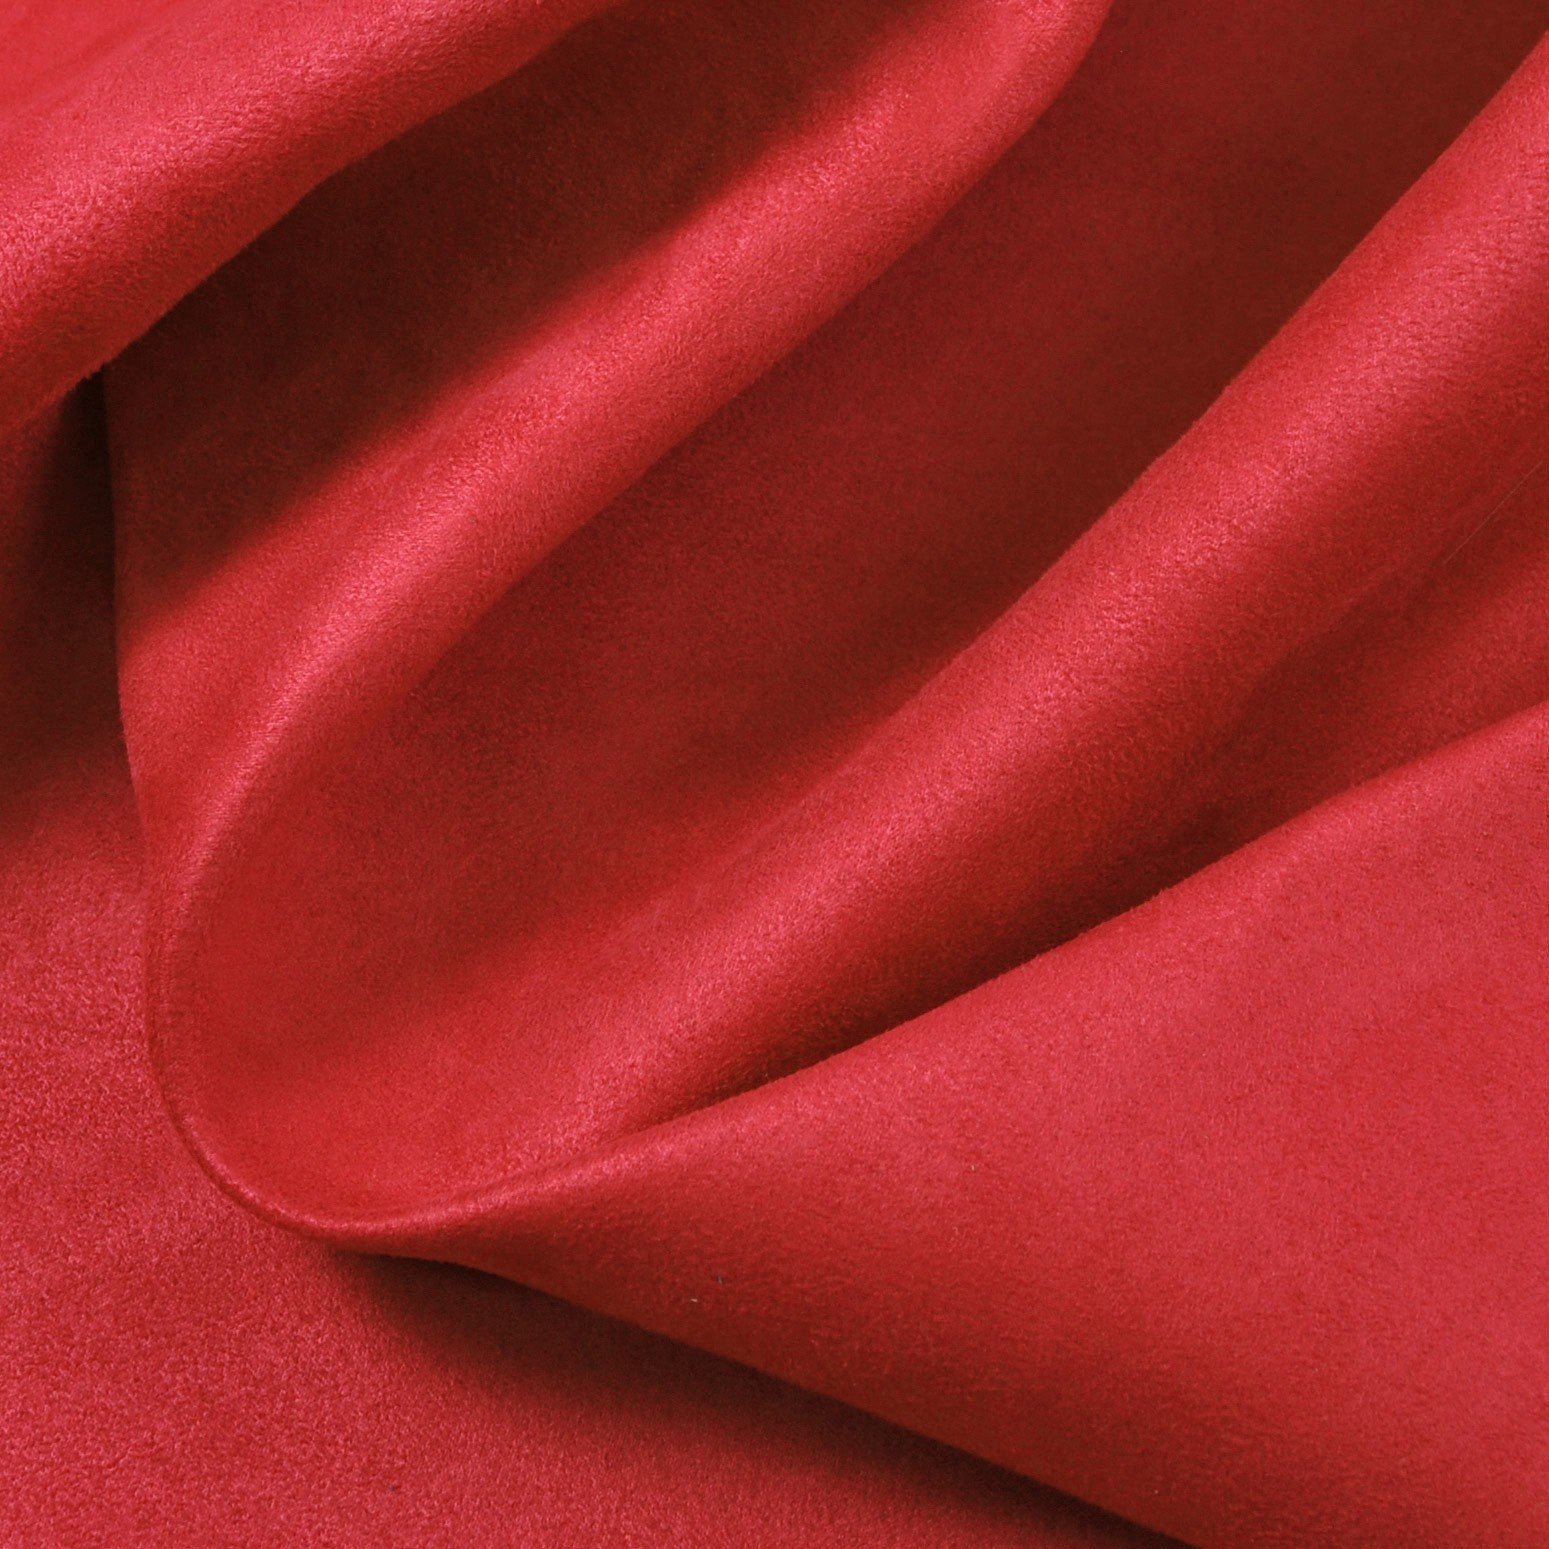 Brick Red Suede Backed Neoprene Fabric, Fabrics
▬▬▬▬▬▬
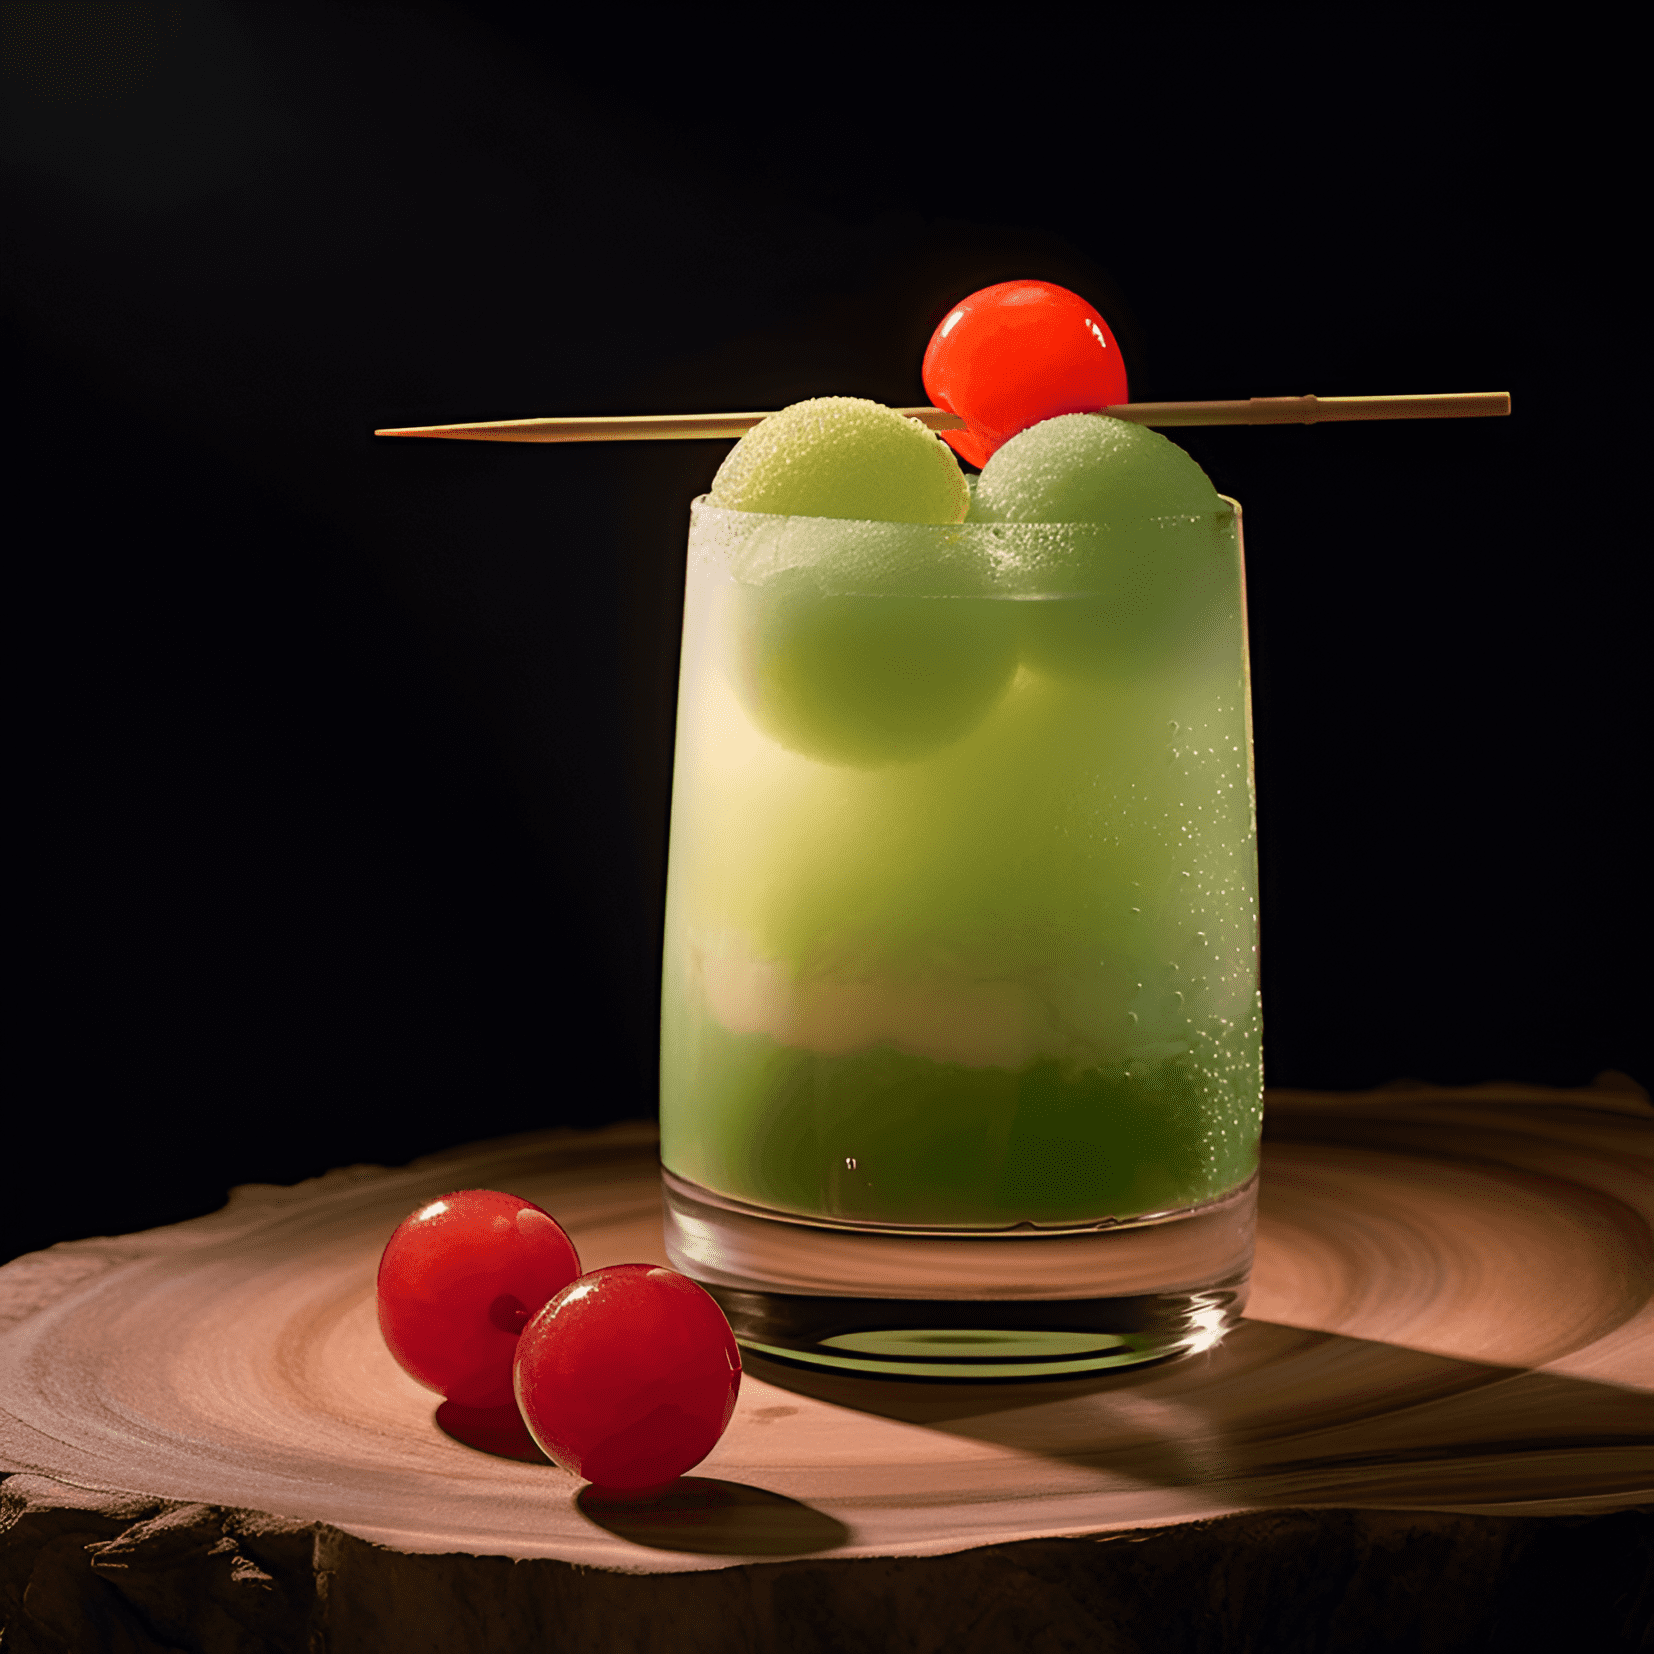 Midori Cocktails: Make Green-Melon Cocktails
▬▬▬▬▬▬
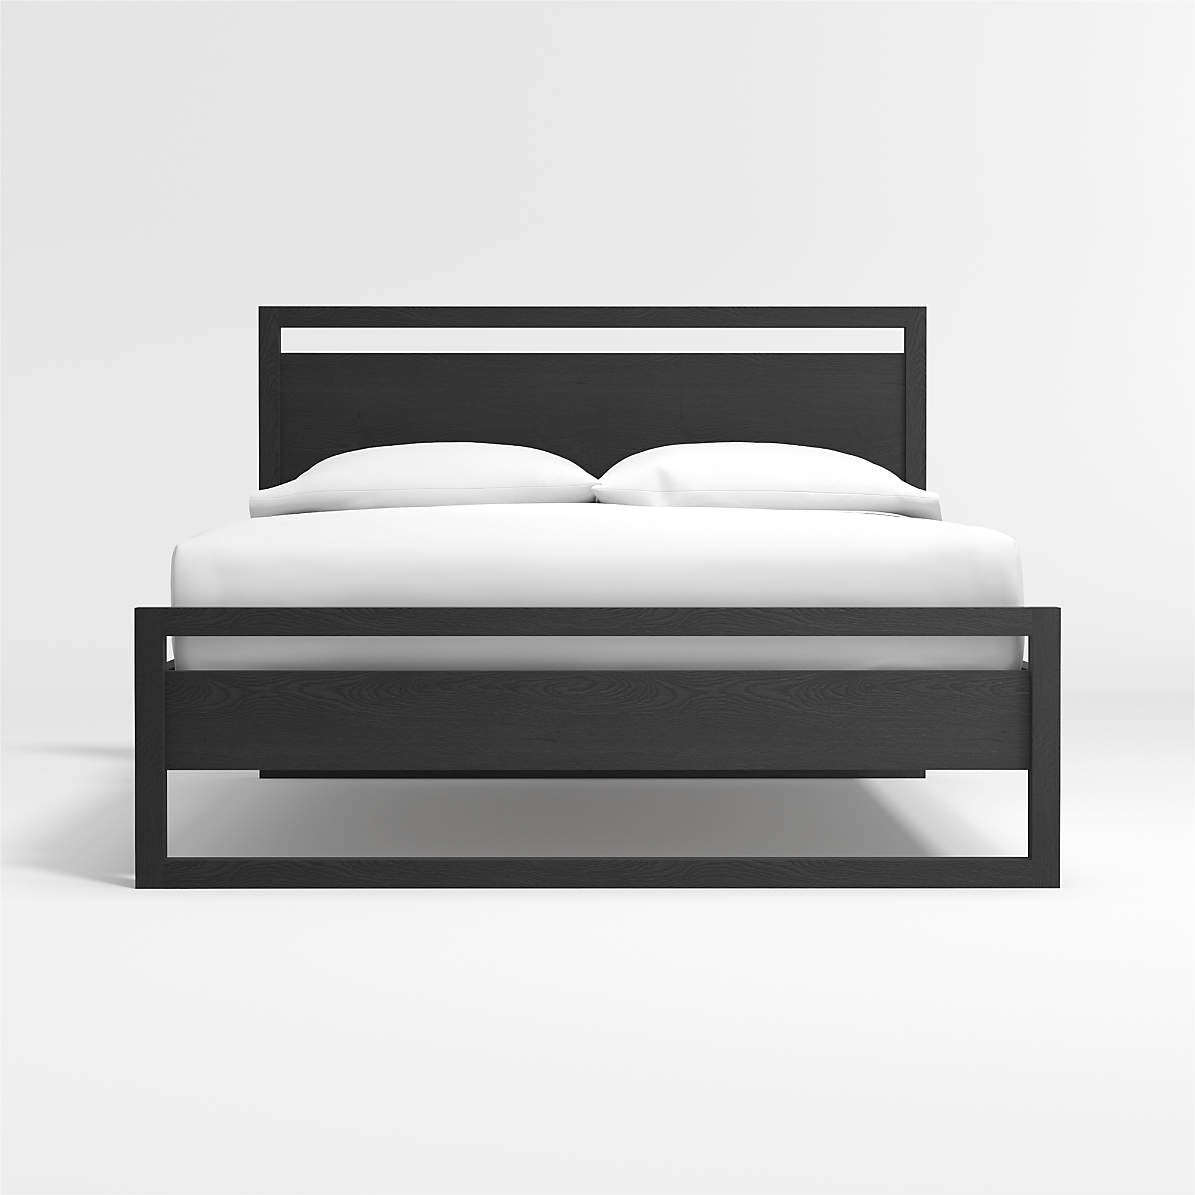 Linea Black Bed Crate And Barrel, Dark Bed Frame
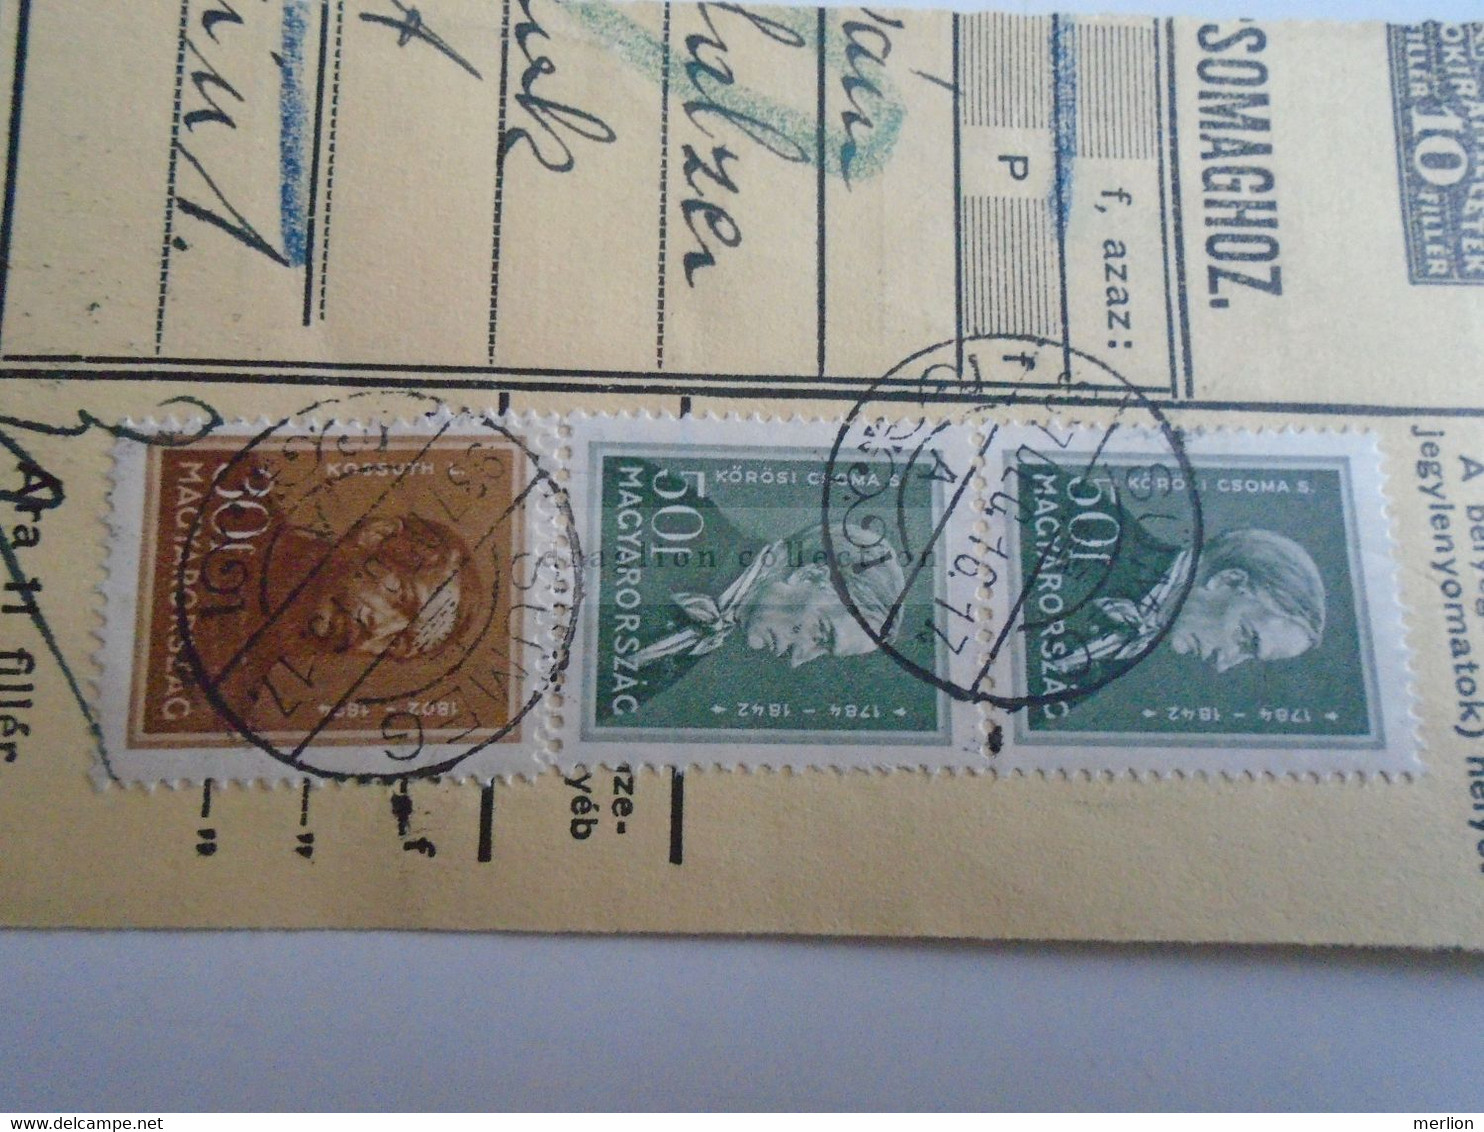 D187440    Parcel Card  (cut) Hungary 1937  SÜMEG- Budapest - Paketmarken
▬▬▬▬▬▬
■ EXERCISE AIM
In the listing above, find the line with "Linea Black Bed" and the line with "Budapest - Paketmarken". Copy exactly those lines and all between them, minus the images.

■ ANSWER TO THIS EXERCISE
 Linea Black Bed Crate And Barrel, Dark Bed Frame
 D187440    Parcel Card  (cut) Hungary 1937  SÜMEG- Budapest - Paketmarken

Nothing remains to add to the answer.